ACTIVITIES AFTER TELLING
Jumble 1: Type out key sentences on separate paper. Jumble up sheets. Students order correctly.
Jumble 2: Mix two stories via jumbled sentences. Groups sort and order; tell either story.
Display a series of key pictures. Class observe then close their eyes. You remove a picture. Kids open eyes. Which one? What part of the story is it? As you gradually remove all the pictures, the class tells all the story!
Make a map of the story – good for any tale with a journey.
Make a story circle. Start telling the story - toss a ball to one kid who continues until they toss the ball to someone else.
Describing People: brainstorm words to describe characters' emotional qualities (eg loyal, hardworking, brave, generous, deceitful) Which words fit the characters in this story?
Act out the story as you narrate it. Divide class into groups for different parts of the story. Kids & objects in room can be part of the story (eg cupboard = the mountain) This is often boisterous and great fun (a good contrast to the intensive listening of 1st telling) You will need to change your telling to make it more active (‘the trees tried to catch the wicked Queen as she passed between them.) Let class help decide the roles required - this provides a check on their level of understanding.
Charades: mime a sentence from the story.
Kids each write 3 sentences describing three key moments in the story. Cf with their neighbour.
Look at one character through key moments in the story. How did the woman feel when:
She put the gingerbread man in the oven? When he ran away?
When he wouldn’t stop? When he started talking to Mr Fox?
When fox ate him? When she made her next gingerbread man?
Conjecture about what’s not explained : Why did the Gingerbread man run away?
Discuss values / choices made by the characters: Was the Pied piper right to take revenge on the children? What could he have done instead?
Write a letter, complaint, proposal from one character to another.
Draw a book cover; or Wanted poster; or Design a Certificate;
Write a journal or A Day In The Life of a character (eg Big Bad Wolf's Diary)

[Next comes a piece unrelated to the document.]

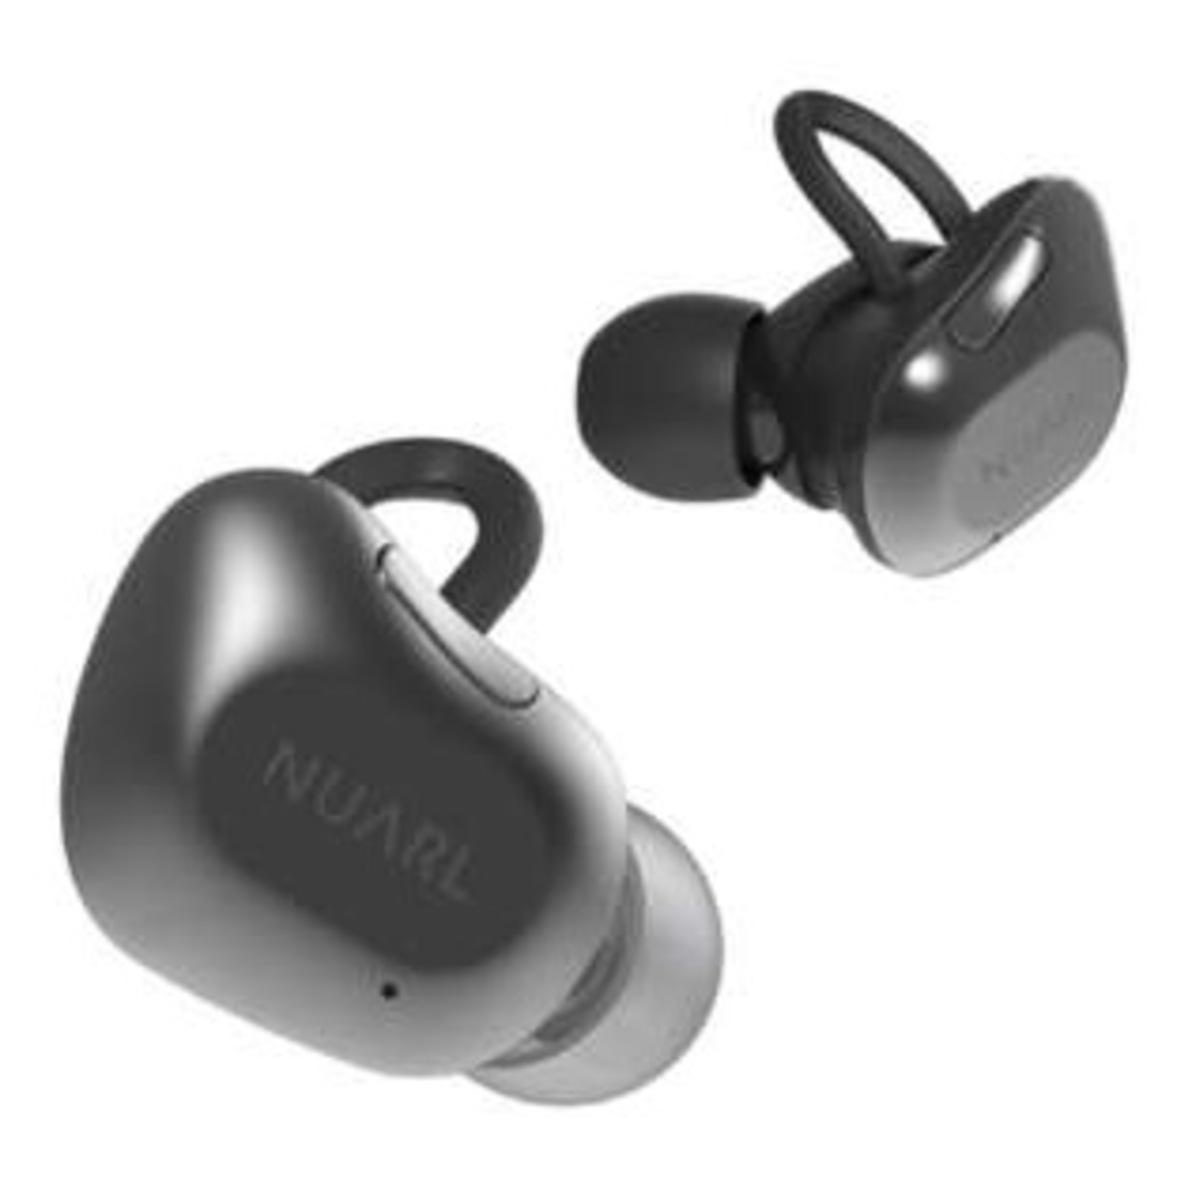 NT01 HDSS® True Wireless Stereo Earphones[Silver Black]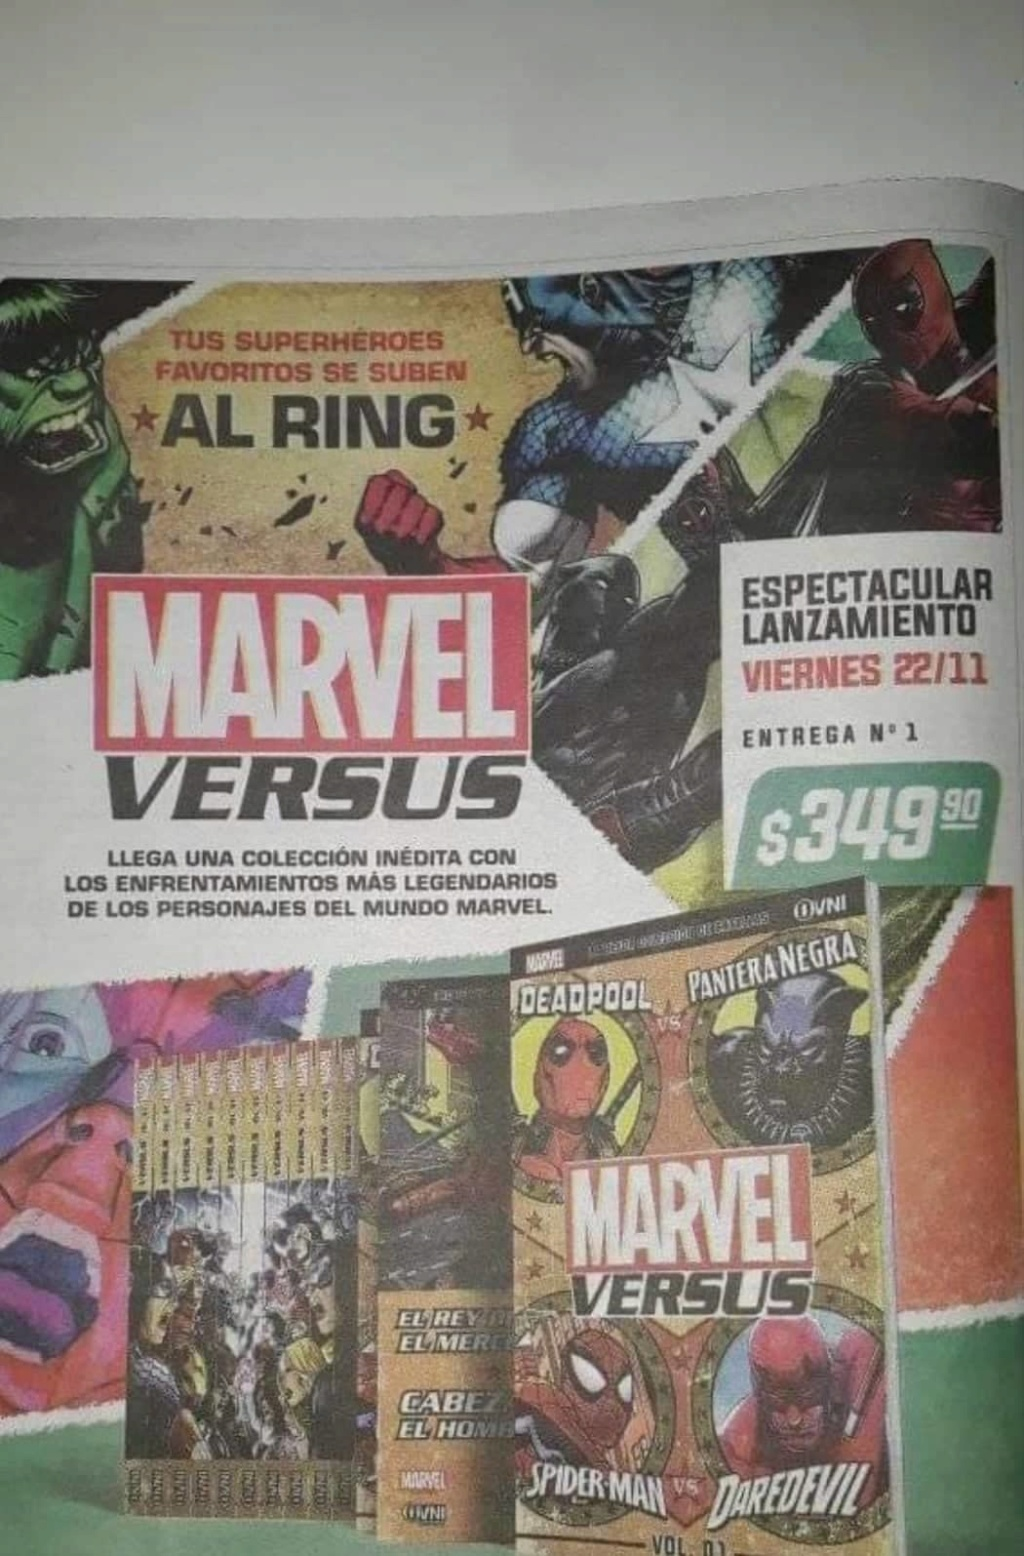 01 - [Clarín - Ovni-Press] Colección Marvel Versus  Diario10

Write a dialogue between two objects in the story - eg the poisoned apple and the basket.
Continue the story: what happened to the boy/the village after he cried wolf once too often?
Make up a story/poem out of one incident in the story
Invent new stories about two characters from different stories: eg Goldilocks and Robin Hood go on a picnic. What food? What happens?
In Conversation #1: Let the kids interview you as a character in the story (eg as Big Bad Wolf) ie hot-seating
In Conversation #2: Divide class into groups. Each grp is a character. Answer questions such as: Who am l? What did I do? How did I feel when...? Who did l meet? What am l like?
Story Scrabble: class copies a sentence from the story. Class write words (from the story!) around it as in Scrabble.